Who Really Won?

Wednesday, September 07, 2005

Hope In Ohio?

The Ohio secretary of state announced yesterday that a series of election-related constitutional amendments had qualified for the November ballot, including one intended to strip Republican elected officials of their control over drawing legislative districts.

The amendments are sponsored by Reform Ohio Now, a coalition dominated by Democrats, unions and watchdog groups. It celebrated the announcement and said a statewide campaign to win approval in November had begun.

"It's not like we're posting yard signs yet, but we're close to that," the campaign manager of Reform Ohio Now, Scarlett Bauder, said. "Right now the time is ripe for reform."

The State Supreme Court rejected last month a Republican-backed move to disqualify the measures, but a second suit by a former Republican state senator is to be heard tomorrow in an appeals court in Columbus.

The former senator, Richard H. Finan, wants the amendments declared invalid because Secretary of State J. Kenneth Blackwell allowed Reform Ohio Now to use out-of-state signature gatherers.

Mr. Finan has said the redistricting measure, if approved, could cost Republicans in Ohio 6 of their 12 seats in Congress and would probably inspire similar Democratic-backed efforts in other states dominated by Republicans.

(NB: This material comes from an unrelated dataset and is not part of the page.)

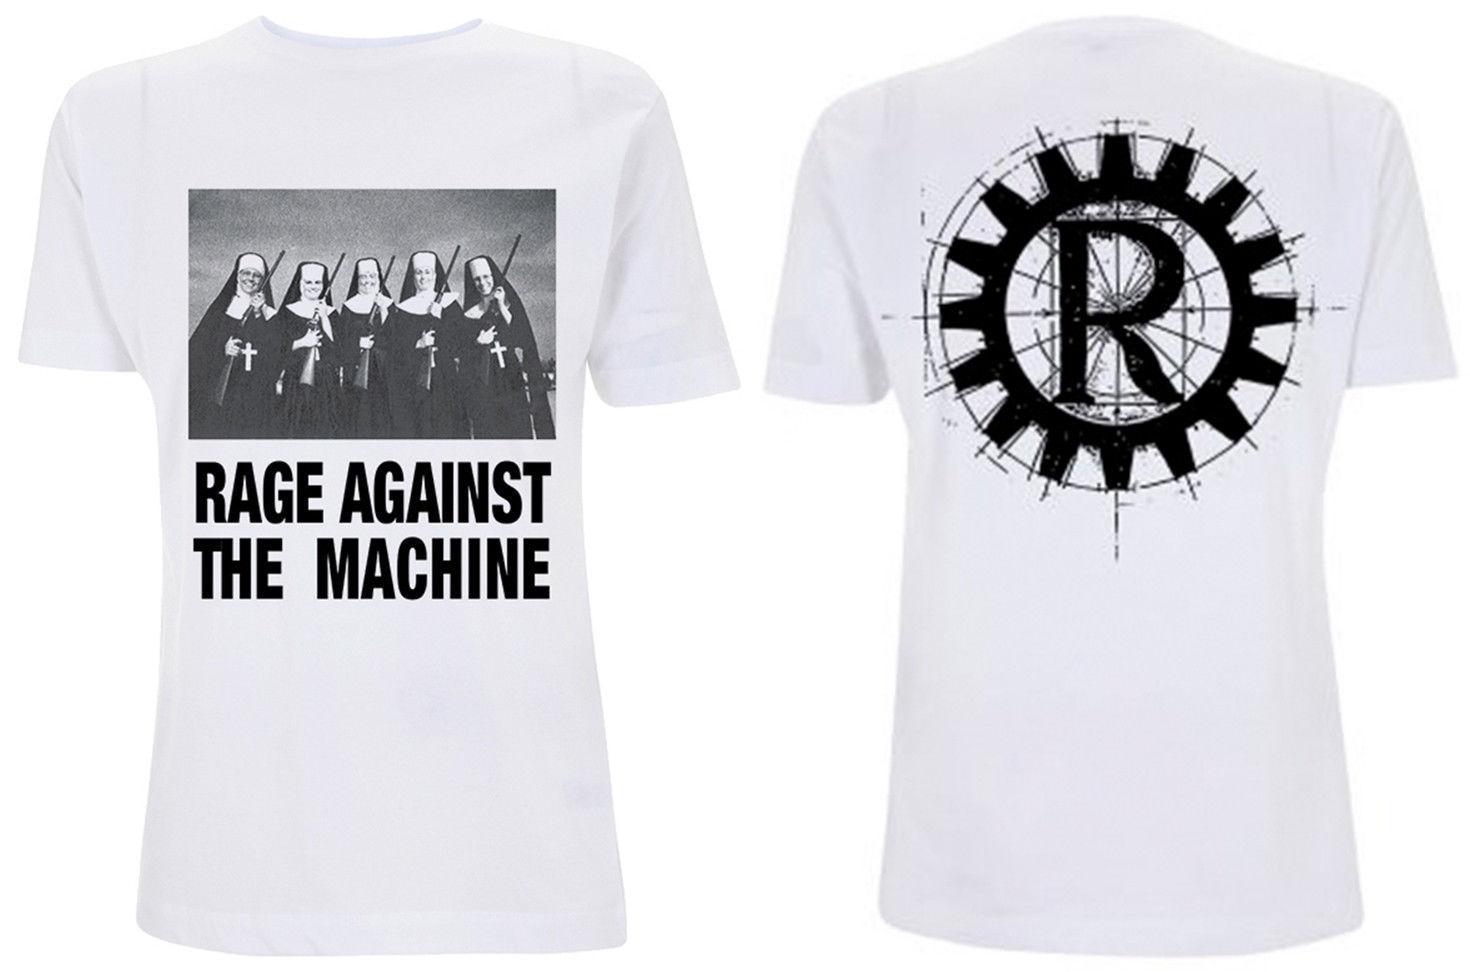 ddd855da67 Compre Camiseta Monjas Y Pistolas De Rage Against The Machine NUEVA Camiseta  Masculina OFICIAL OFICIAL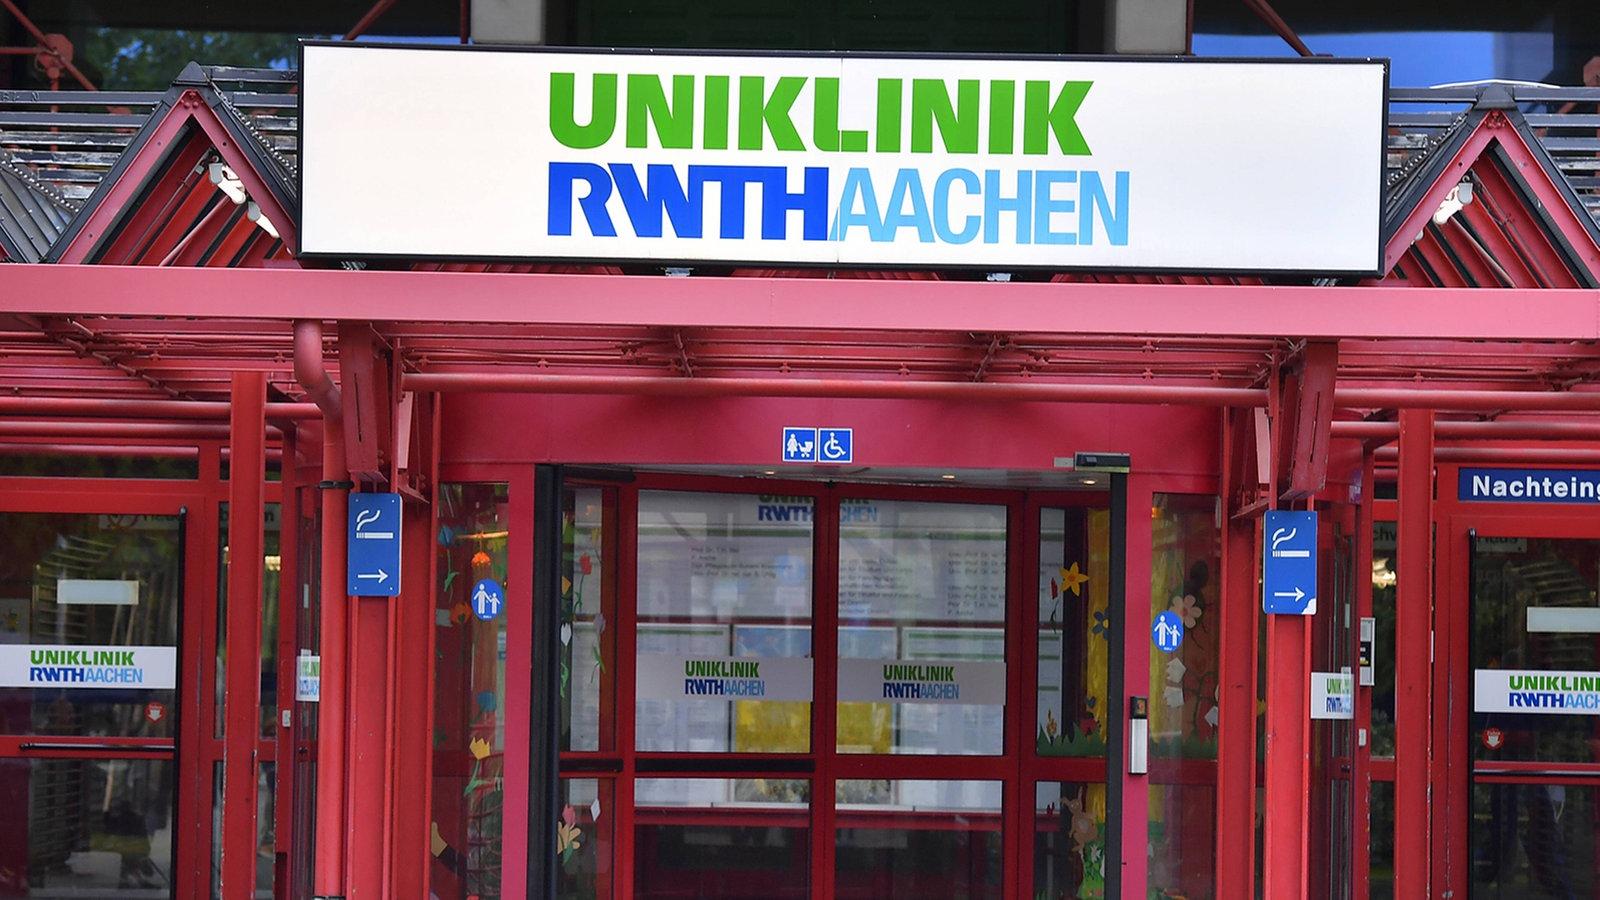 Wdr Mediathek Aachen

A spokesman for the Ohio First Education Fund, a group founded by Mr. Finan, said Republicans were moving forward with fund-raising in case they lost the court battle.

The spokesman, David L. Hopcraft, said the campaign was drawing money from outside the state because of Ohio's significance as a swing state in presidential elections, though he did not give specific dollar amounts.

"If the issues make it to the ballot," Mr. Hopcraft said, "we will have a vigorous campaign that speaks to the ballot-box power of every Ohioan, which we think is clearly threatened under these amendments."

"These issues," he added, "are being backed by people who did not like the results of the last election and want to nullify Ohio's vote."

Ms. Bauder said Reform Ohio Now, which has raised $1.2 million, had enemies on both sides of the aisle.

"To me, that says it is true reform, because people in both parties don't like it," she said.